The first image is running both perf-worker-3.6 and perf-worker simultaneously, and setting them up to run 50 models each (50 models 10 step workers, is 500+ steps/second trying to run.)

perf-worker-3.6 got up to 10k / second, while perf-worker was pretty consistent around 1k/second.
The second image is first running perf-worker-3.6 and having it scale to 100 models, and then perf-worker and having it scale to 100 models. This time perf-worker-3.6 got to around 20k/s, while perf-worker again stayed close to 1k/s. At the same time, CPU load capped out for perf-worker around 300%. So some of this is just our internal semaphore throttling.

As another data point:

$ time juju models -c perf-36| wc -l
53

real    0m0.098s
user    0m0.048s
sys     0m0.068s
$ time juju models -c perf-40 | wc -l
54

real    0m14.606s
user    0m0.097s
sys     0m0.023s

So juju models slowed down quite a bit as the number of models increased. In the separate testing:

$ time juju models -c perf-40 | wc -l
103

real    1m9.098s
user    0m0.079s
sys     0m0.033s

This might just be poorly optimized queries, though, and not just about load. (it is easy for juju models to be at least linear with a bad factor, and trivially become quadratic if we haven't optimized it.)

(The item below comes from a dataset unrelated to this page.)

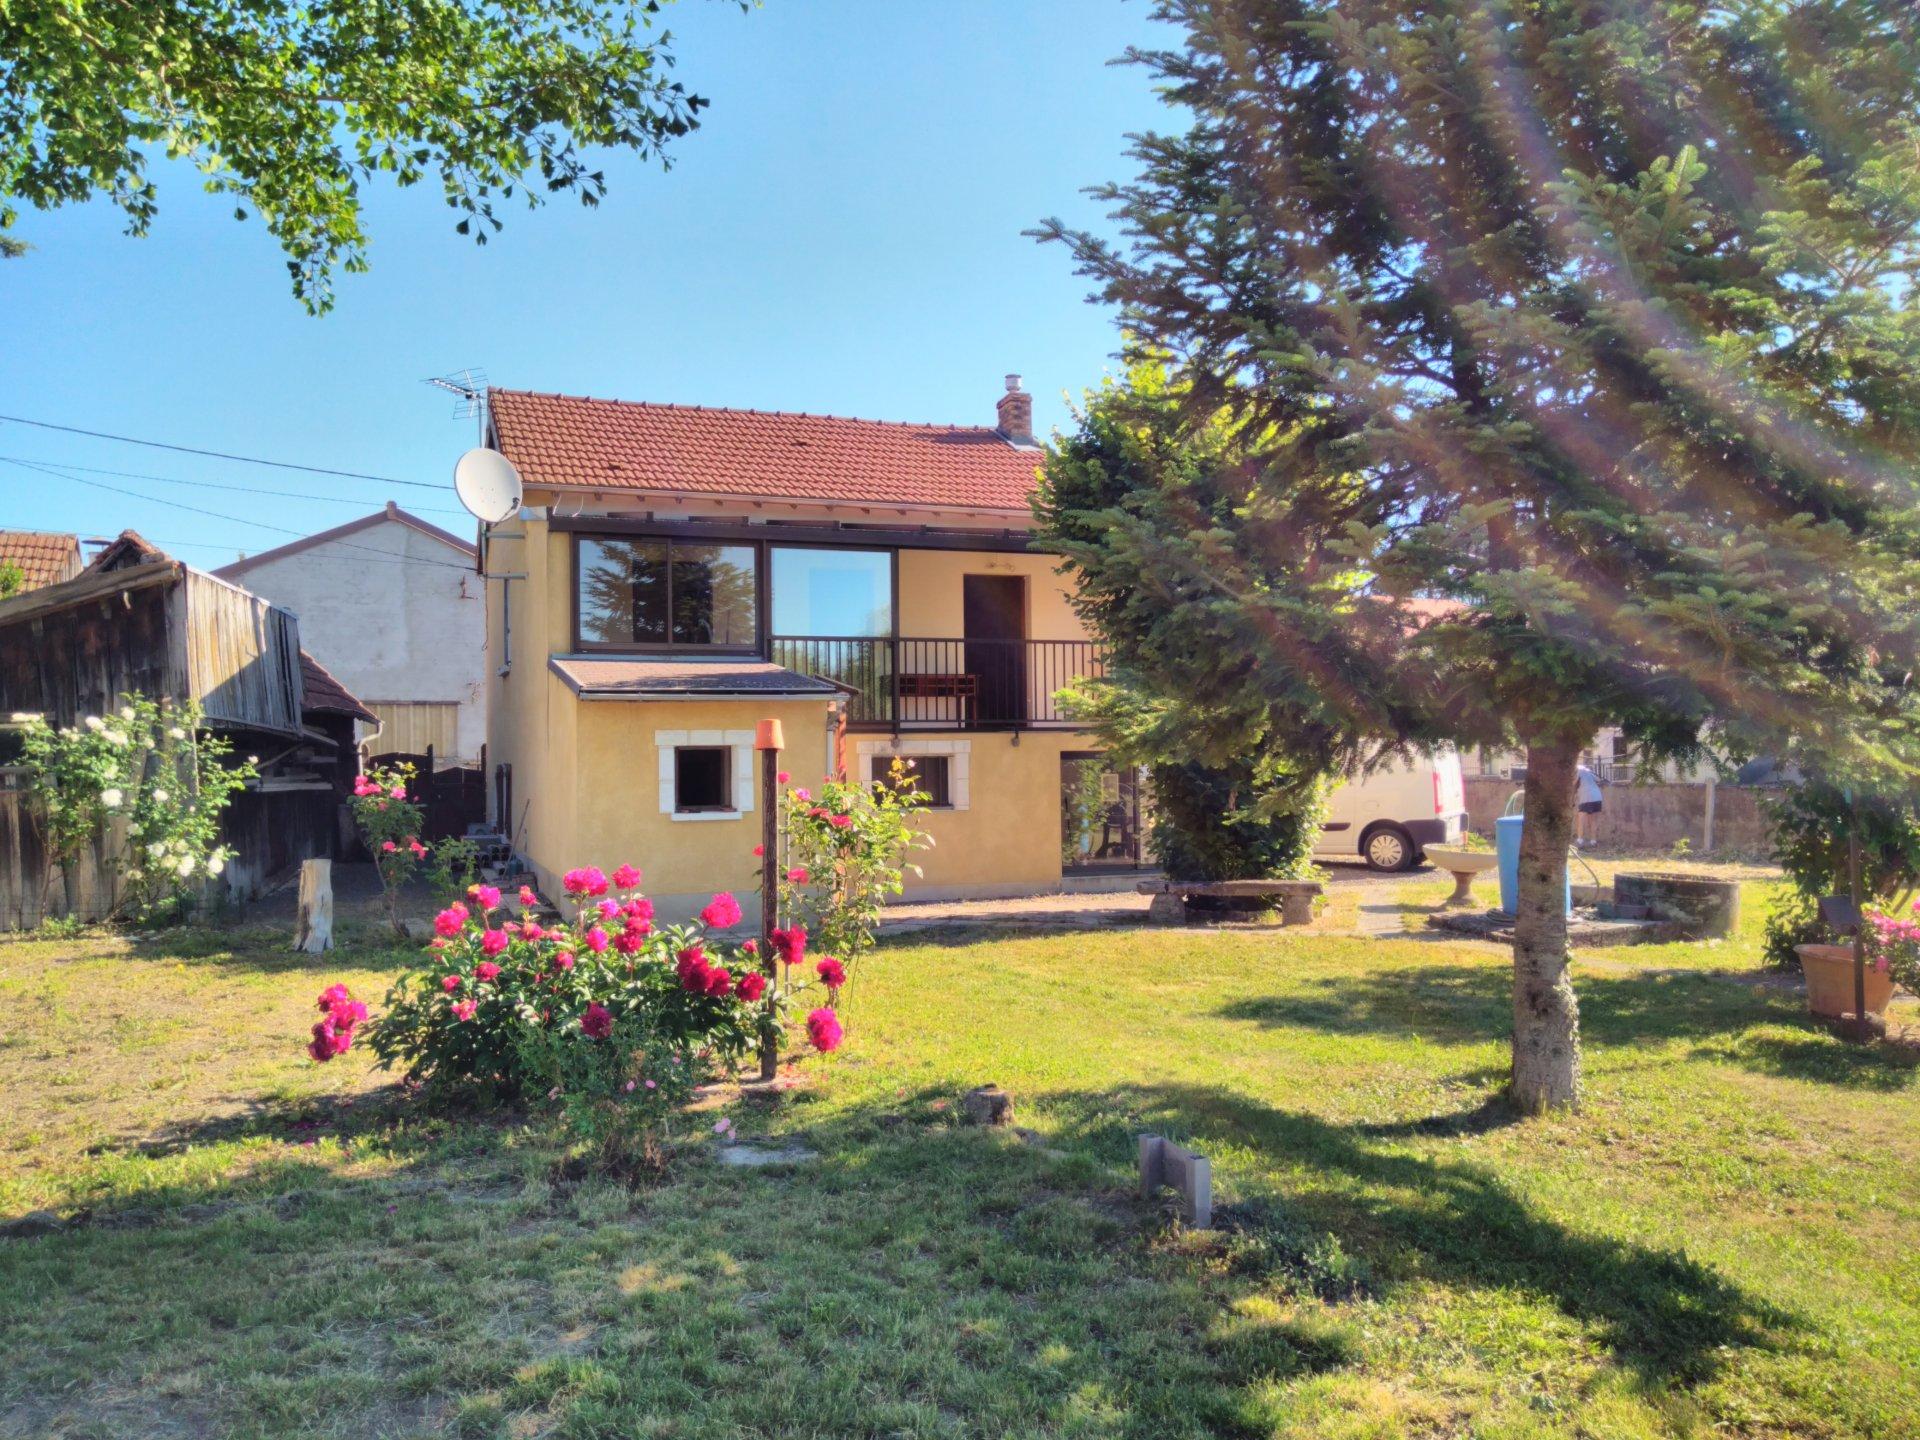 6167VBM - Maison av Jardin - Axe Vichy/Clmt-Fd

jameinel · 2024-09-27T01:08:48Z

One very positive note. All of this was juju bootstrap lxd; juju consume mk8s:prometheus; juju integrate -m controller controller prometheus and those cross model relations worked across a 3.5 microk8s controller, a 3.6 test and a 4.0 test controller. There were some other issues to address (being able to label your data feeds), but the easy of getting grafana up, and getting it scraping your controllers was really good.

SimonRichardson · 2024-09-27T11:24:38Z

I ran the same setup, microk8s + cos-lite and 3.6 and 4.0 relating to that prometheus. Mongo stayed at 4000 req/s and dqlite was the low 300 req/s. I added more models (to 40 models) and it just highlighted that mongo can perform more queries, whilst dqlite was hovering around the same amount. It's clear that the rate-limiting is just hurting us.

It's clear we can't run without the semaphore (performance dropped), we need to work out a better strategy for this. I'm unsure what.

Observations

Adding more models whilst underload is a lot slower for dqlite. This is obvious, once you realize we're being rate-limited.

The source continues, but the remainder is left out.